Self-organization and complexity in historical landscape patterns
Article first published online: 23 APR 2003
Volume 100, Issue 3, pages 541–553, March 2003
How to Cite
Bolliger, J., Sprott, J. C. and Mladenoff, D. J. (2003), Self-organization and complexity in historical landscape patterns. Oikos, 100: 541–553. doi: 10.1034/j.1600-0706.2003.12109.x
- Issue published online: 23 APR 2003
- Article first published online: 23 APR 2003
- Manuscript Accepted 29 August 2002
Self-organization describes the evolution process of complex structures where systems emerge spontaneously, driven internally by variations of the system itself. Self-organization to the critical state is manifested by scale-free behavior across many orders of magnitude (Bak et al. 1987, Bak 1996, Solé et al. 1999). Spatial scale-free behavior implies fractal properties and is quantified by the fractal dimension. Temporal scale-free behavior is evident in power spectra of fluctuations that obey power laws. Self-organized criticality is a universal phenomenon that likely produces some of the fractals and power laws observed in nature.
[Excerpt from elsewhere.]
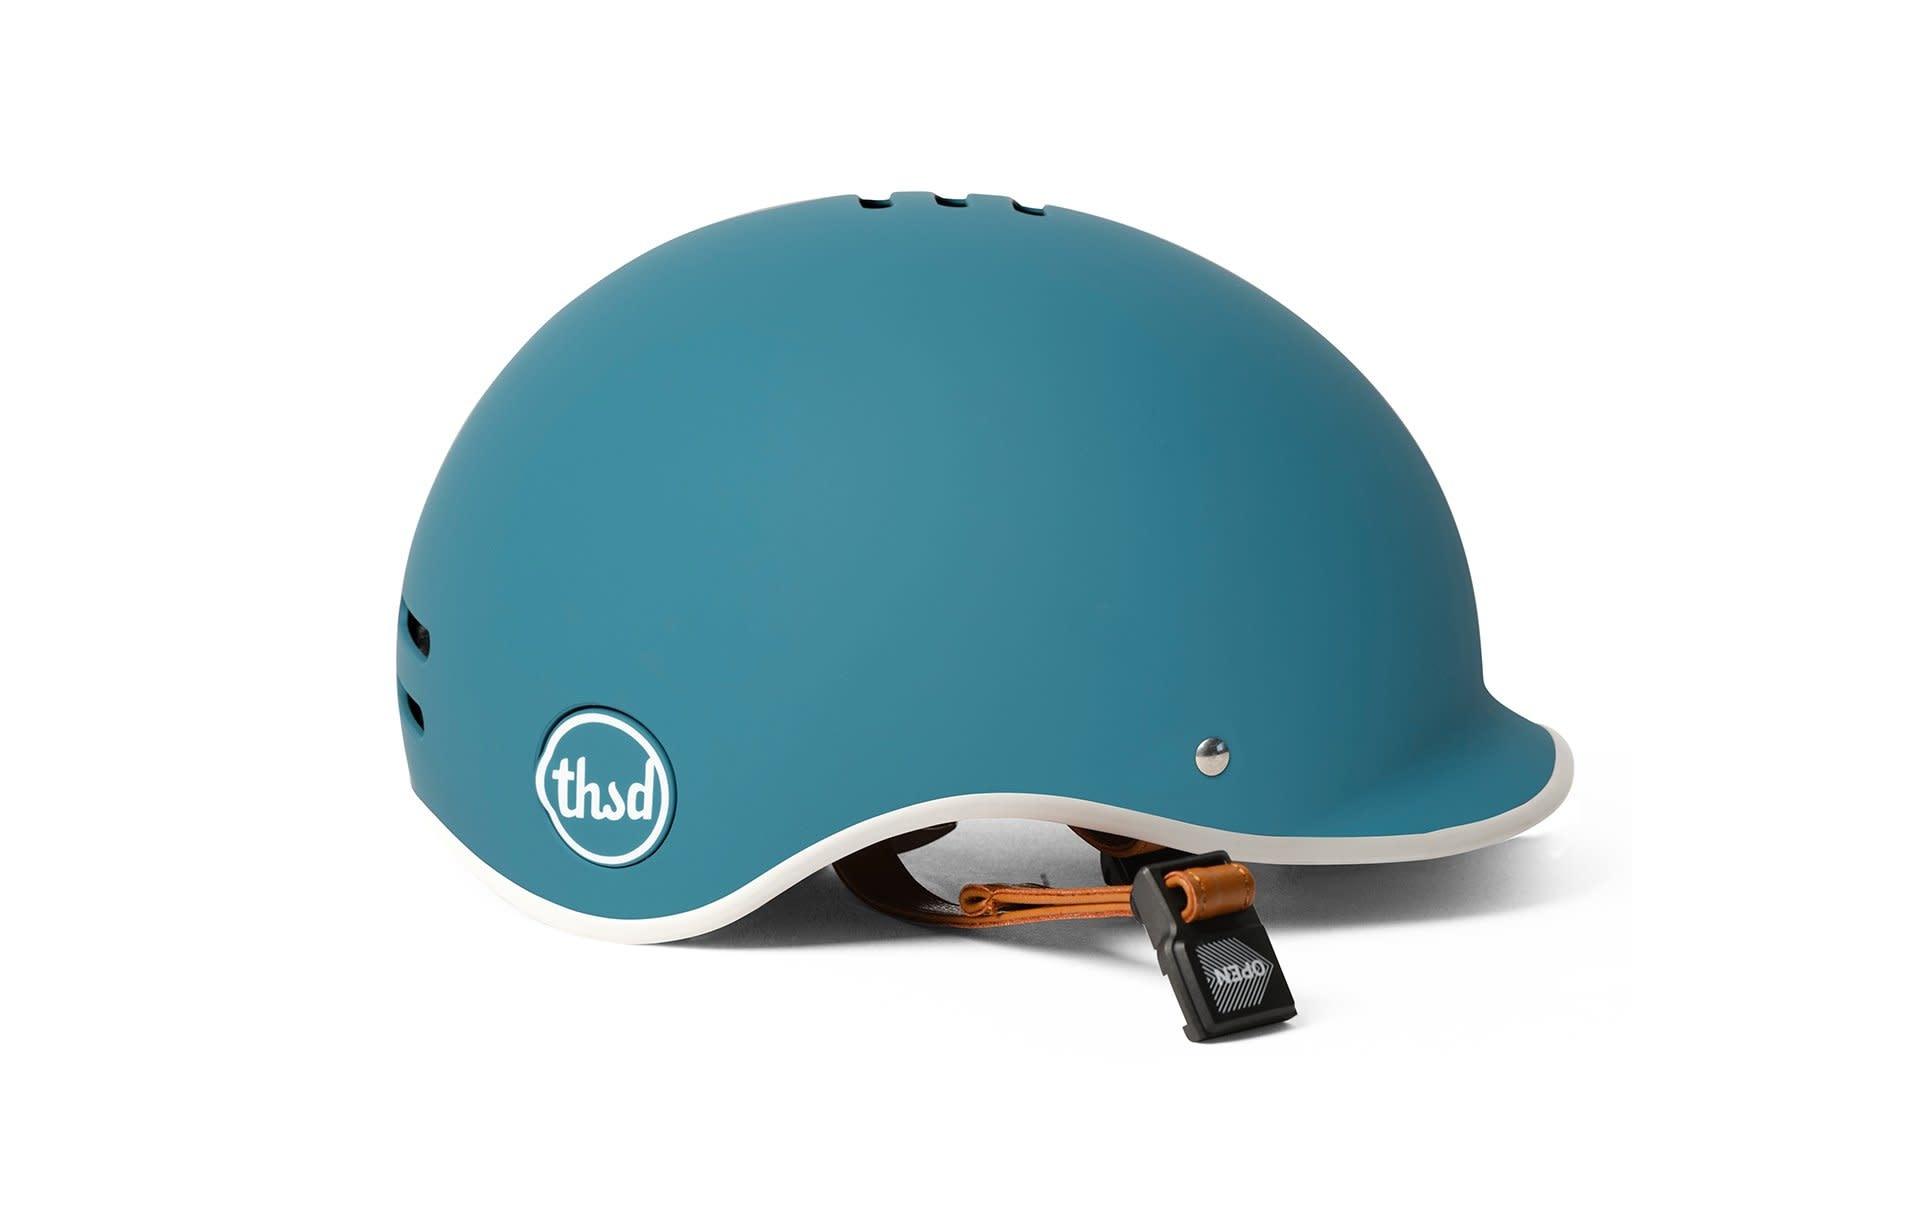 Thousand Helmet - Coastal Blue

We investigated the historical landscape of southern Wisconsin (USA) (60,000 km2) for self-organization and complexity. The landscape is patterned into prairies, savannas, and open and closed forests, using data from the United States General Land Office Surveys that were conducted during the 19th century, at a time prior to Euro-American settlement.
We applied a two-dimensional cellular automaton model with one adjustable parameter. Model evolution replaces a cell that dies at random times by a cell chosen randomly from within a circular radius r, where r typically takes values between 1 (local) and 10 units (regional). Cluster probability is used to measure the degree of organization. The model landscape self-organizes to a realistic critical state if neighborhoods of intermediate size (r=3) are chosen, indicating that (a) no particular time or space scale for the clusters is singled out, i.e. the spatial dependence is fractal, and temporal fluctuations in the cluster probability exhibit power laws; (b) a simple model suffices to replicate the landscape pattern resulting from complex spatial and temporal interactions.
Measures of comparison between the observed and the simulated landscape show good agreement: fractal dimensions for simulated (1.6) and observed landscapes (1.64), cluster probabilities for simulated (32.3%) and observed (32.6%) landscapes, and algorithmic complexity for simulated (6792 bytes) and observed (6205 bytes) landscapes. The results are robust towards variation of initial and boundary conditions as well as perturbations.